Wo ist das UNHCR noch in Ungarn aktiv?
Baloch: Allgemein ist das UNHCR bereits seit Jahren in Ungarn tätig, und unsere Mitarbeiter sind überall, wo sie gebraucht werden, ob am Keleti oder der ungarisch-serbischen Grenze. Am Ostbahnhof zum Beispiel treten wir mit den Flüchtlingen in den Dialog, um uns über ihre Bedürfnisse zu informieren, geben Rat. Ich spreche Paschtu und Dari, das sind Sprachen des Bezirks Awaran in Pakistan, und kann so beim Dolmetschen und Übersetzen helfen.
Im ungarischen Parlament finden Diskussionen über die Hintergründe der aktuellen Migrationswelle statt. Der Zaun entlang der serbischen Grenze soll insbesondere Wirtschaftsflüchtlinge fernhalten, heißt es.
Baloch: Ungarn hat momentan hauptsächlich mit Kriegsflüchtlingen aus Syrien, Afghanistan und dem Irak zu tun. Es kommen aber auch Menschen aus Pakistan und Bangladesch – Länder, die nicht direkt Flüchtlingsströme produzieren. Aus UNHCR-Sicht ist es wichtig, dass es hier in Ungarn von Anfang an einen guten Aufnahme- und Registrierungsprozess für die neu ankommenden Menschen gibt.

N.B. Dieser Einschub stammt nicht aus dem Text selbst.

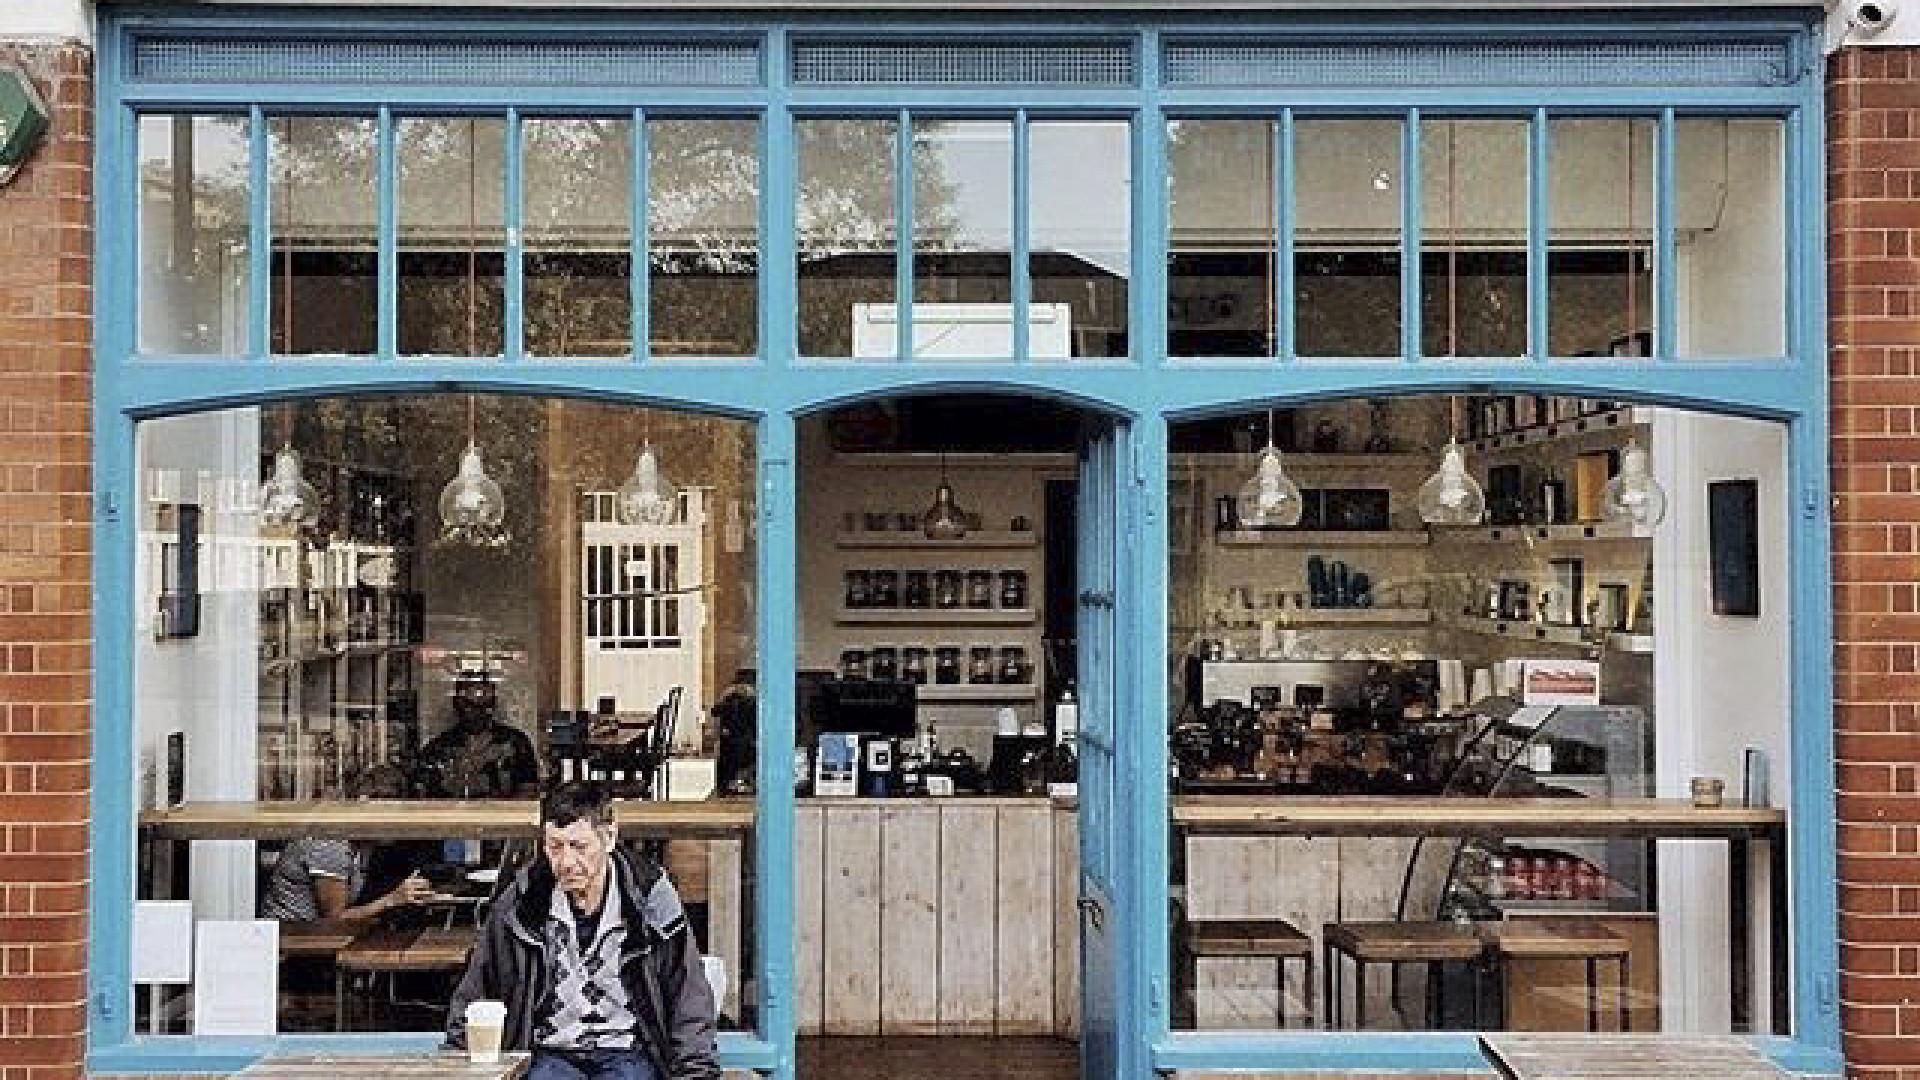 Paper & Cup exterior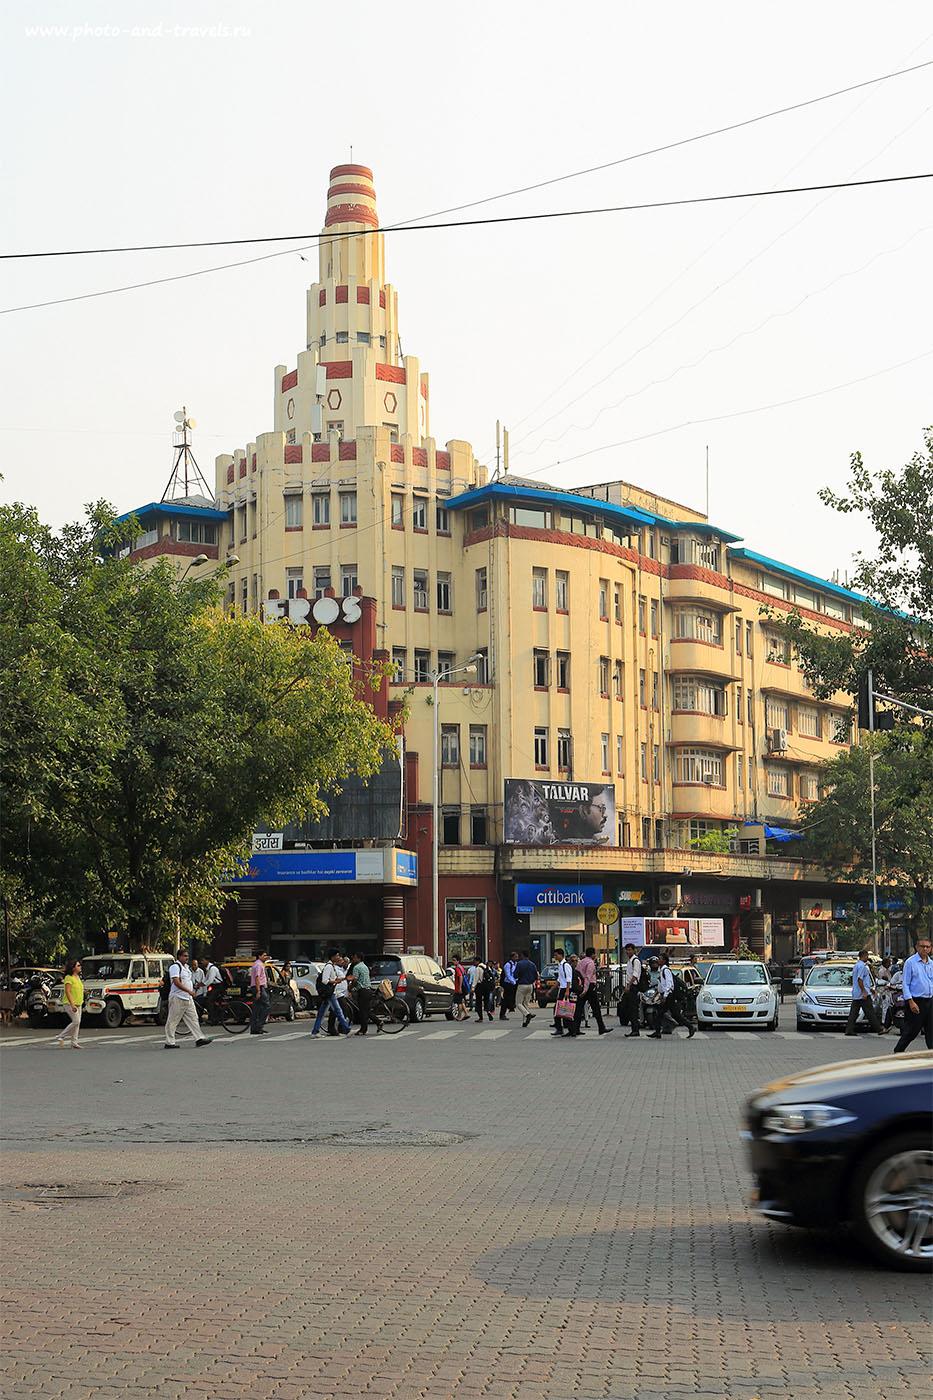 29. Кинотеатр «Eros» в Мумбаи (24-70, 1/80, 0eV, f9, 39 mm, ISO 100)

Bei allem soll überprüft werden, ob sie auf internationalen Schutz angewiesen sind. Hierfür braucht es ein gutes System. Wir haben jedoch keine Einwände, dass Menschen gegebenenfalls und in Beachtung internationaler Menschenrechtsstandards in ihre Herkunftsländer zurückgeschickt werden, sofern sie keinen internationalen Schutz benötigen.
Zur Person:
Der 41-jährige Babar Baloch ist seit Juni 2015 zentraleuropäischer Sprecher des Flüchtlingshilfswerks der Vereinten Nationen in Budapest. Davor war er in Genf als Communications Officer des UNHCR für Amerika und Asien zuständig. Er stammt aus der pakistanischen Provinz Belutschistan.